Exercise goal ->
Transcribe the listing below in full, exactly, with no images.

↓

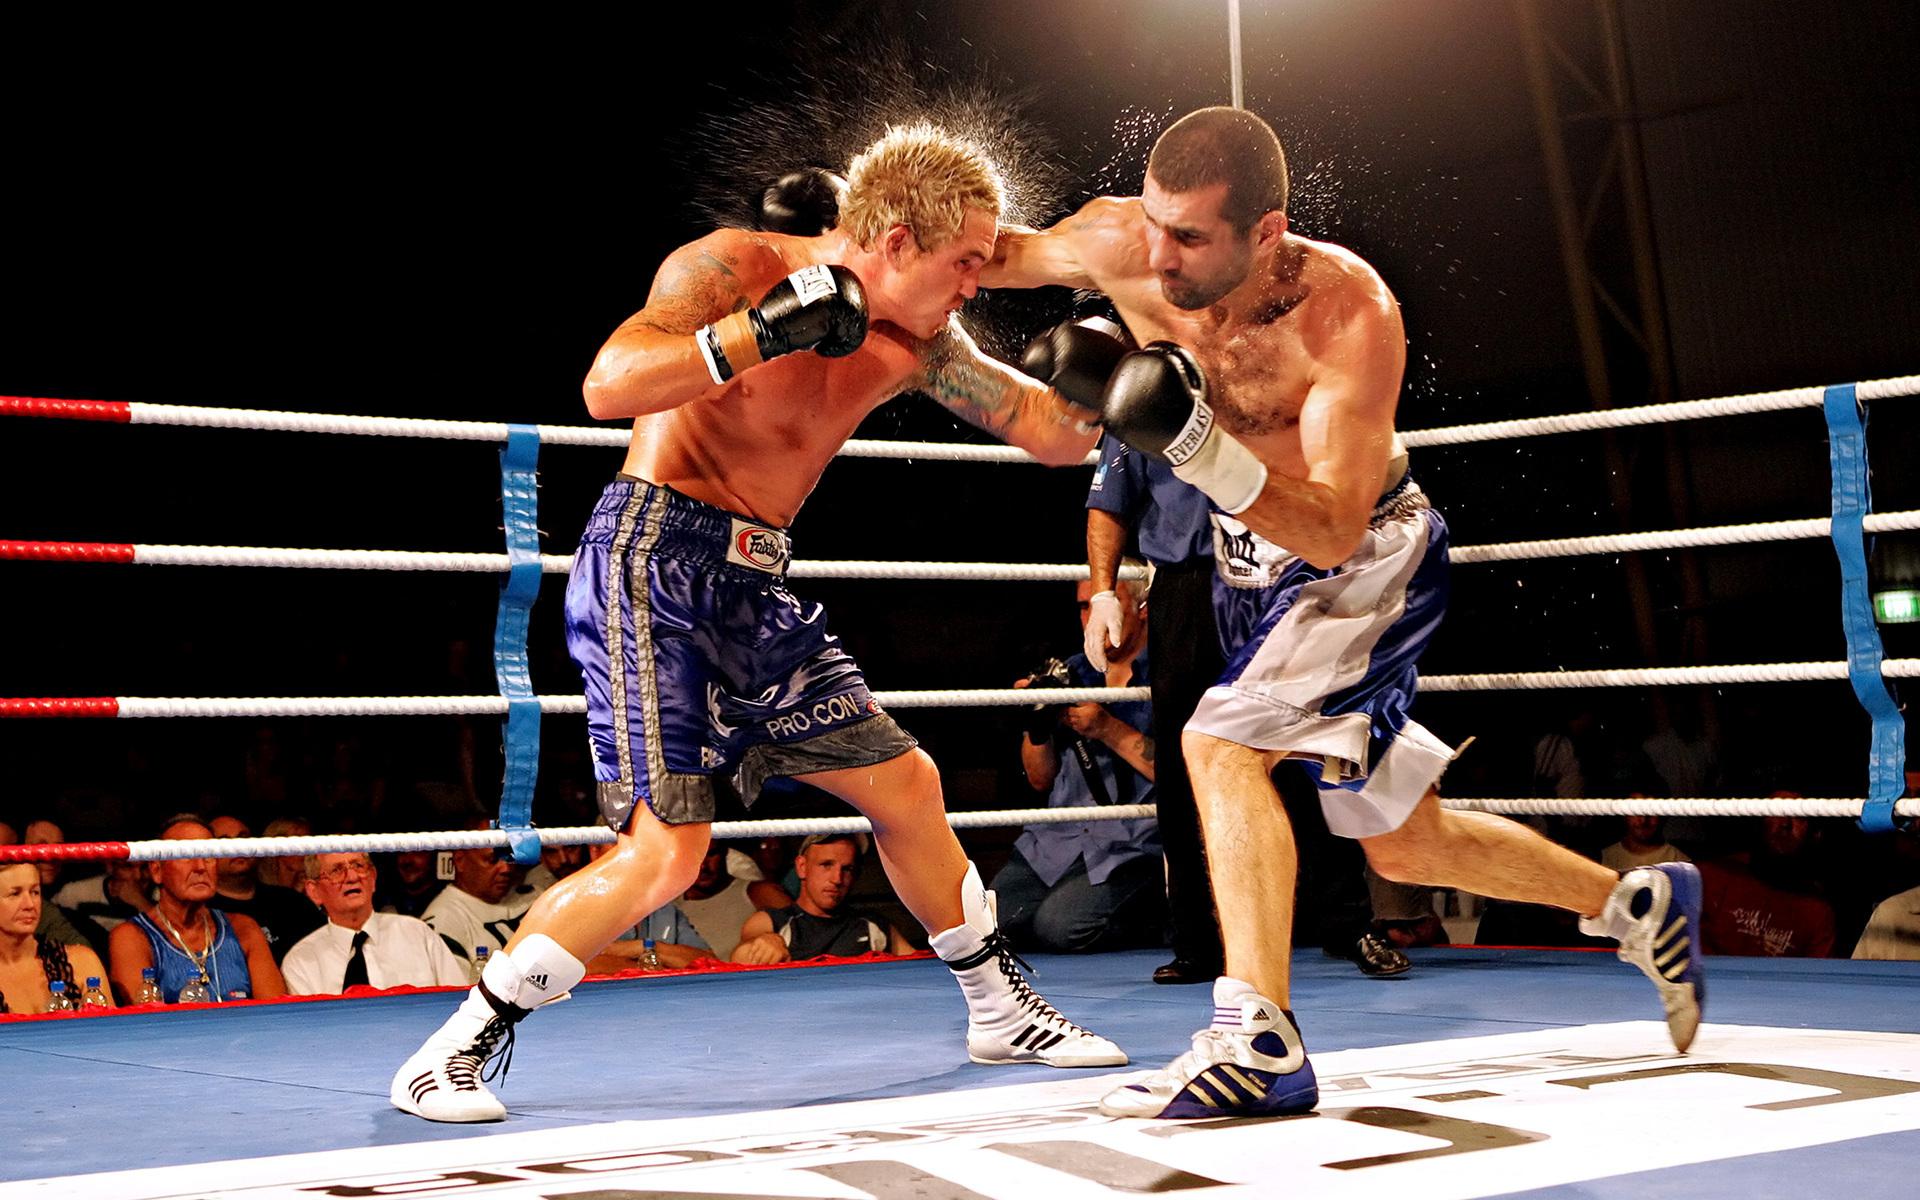 Характеристики классического бокса
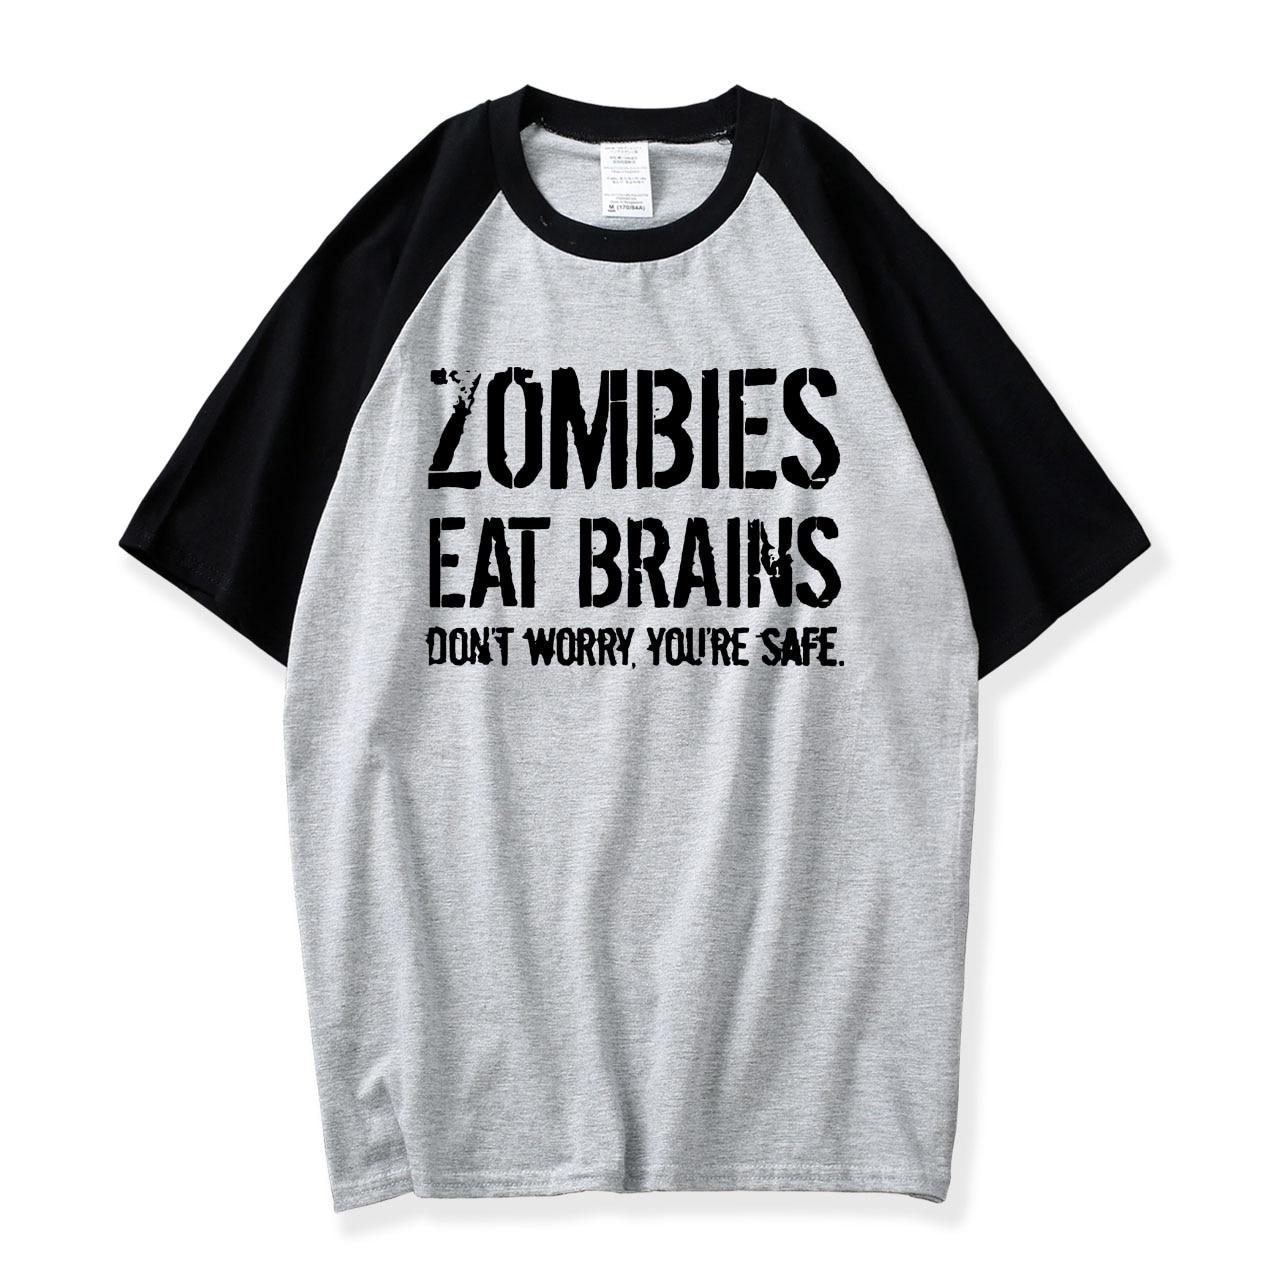 Crazy Dog Tshirts Mens Zombies Eat Brains So YouRe Safe T Shirt Men 2018 New Summer Raglan T-Shirts 100% Cotton O-neck Shirts
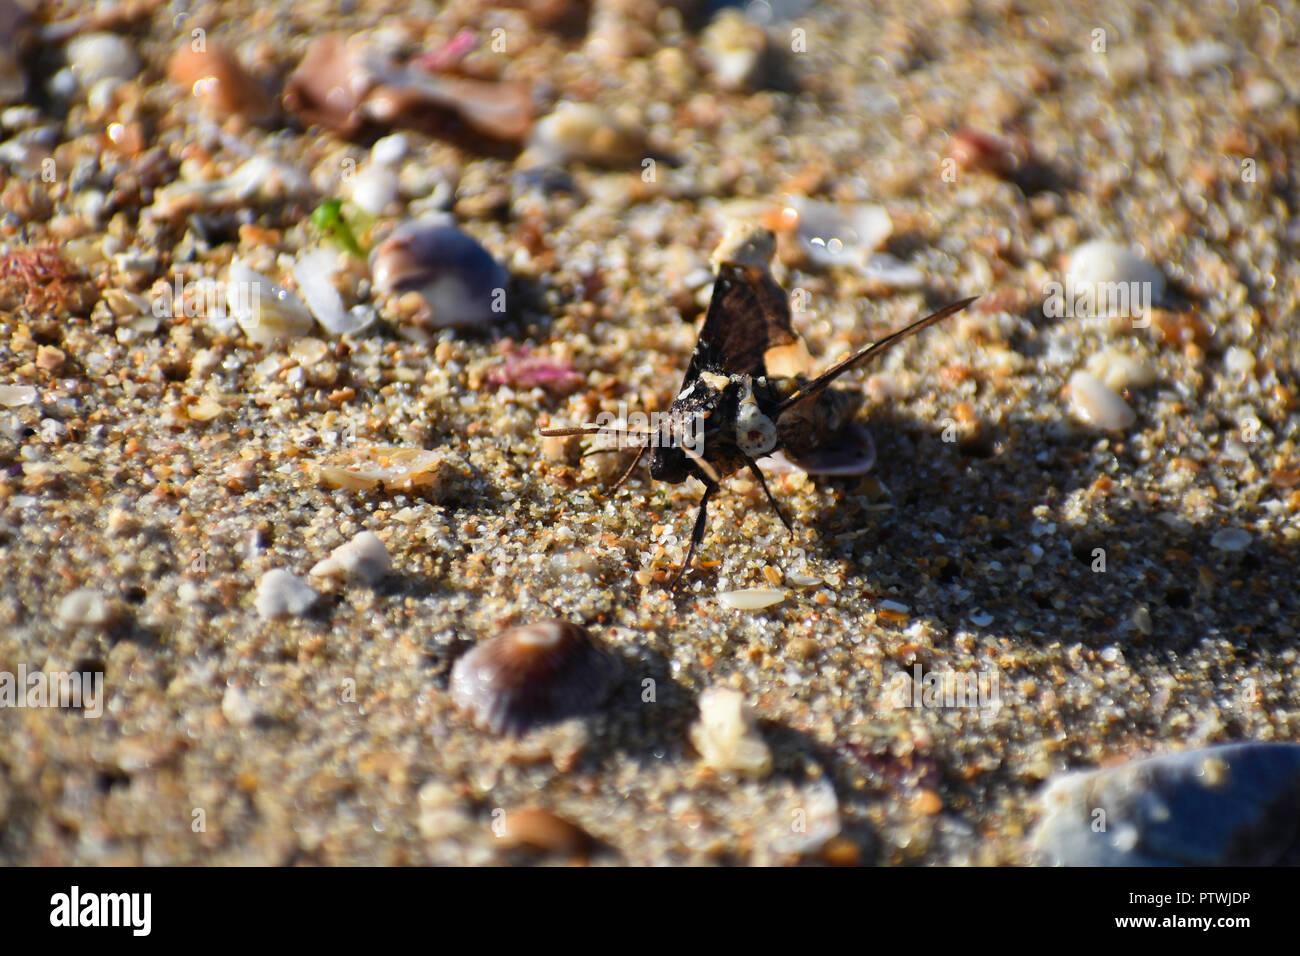 Hummingbird Moth (macroglossum sp.) Emerged From Wet Beach Sand, Western Cape, South Africa - Stock Image
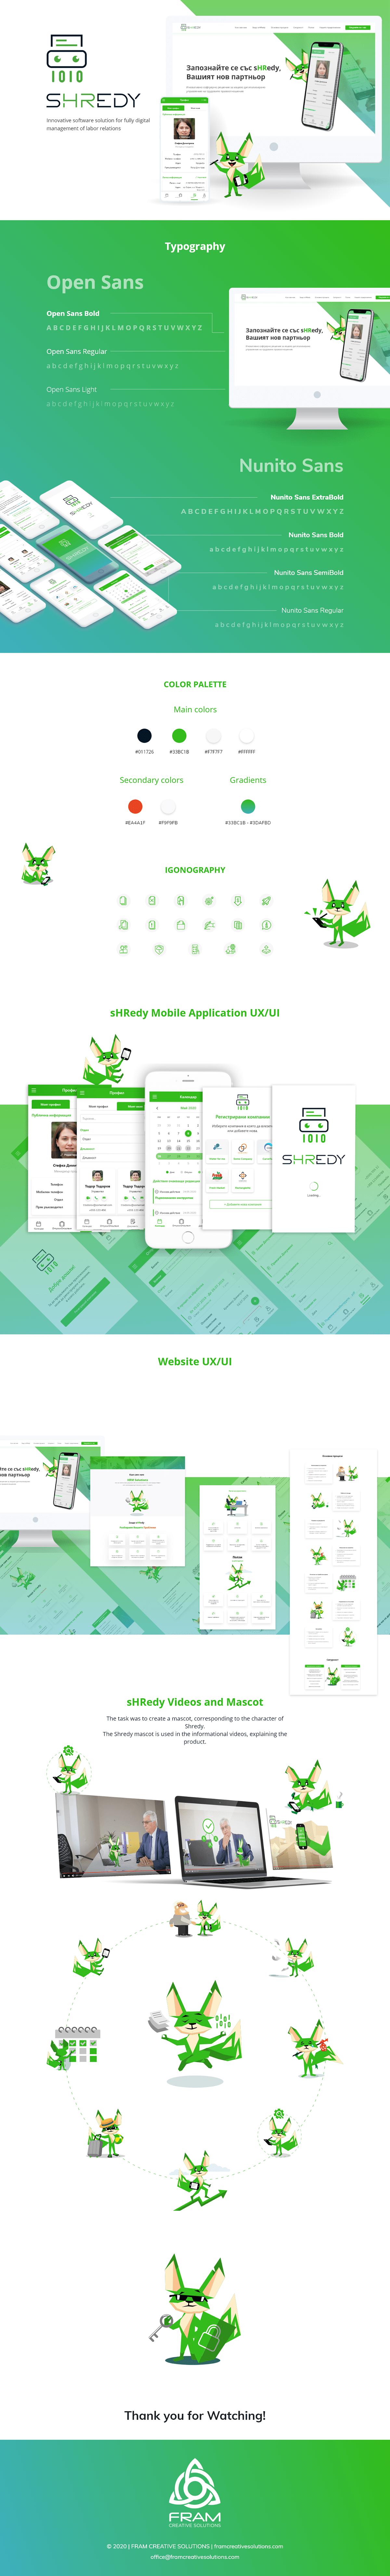 application branding  logo Mascot UI ux ux/ui
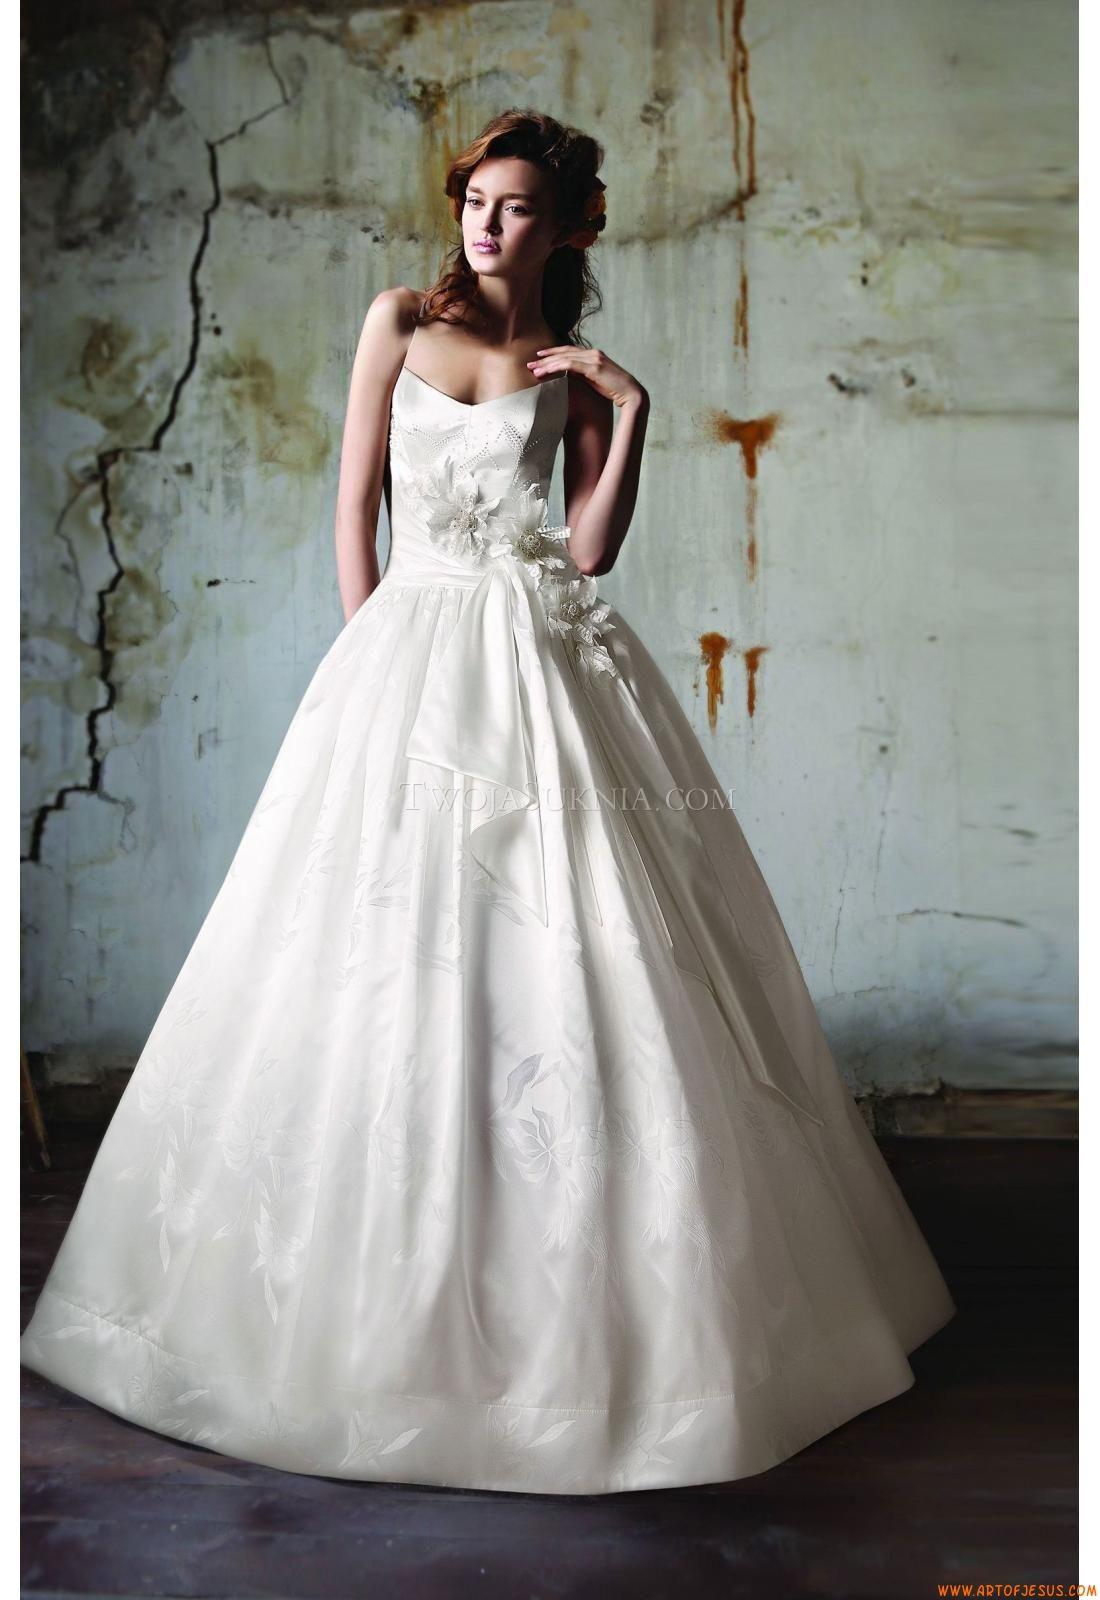 Wedding Dresses Le Rina Yustina 2012 | wedding dresses 2014 ...

↑

Completed task ->
 Характеристики классического бокса
 Crazy Dog Tshirts Mens Zombies Eat Brains So YouRe Safe T Shirt Men 2018 New Summer Raglan T-Shirts 100% Cotton O-neck Shirts
 Hummingbird Moth (macroglossum sp.) Emerged From Wet Beach Sand, Western Cape, South Africa - Stock Image
 application branding  logo Mascot UI ux ux/ui
 Wedding Dresses Le Rina Yustina 2012 | wedding dresses 2014 ...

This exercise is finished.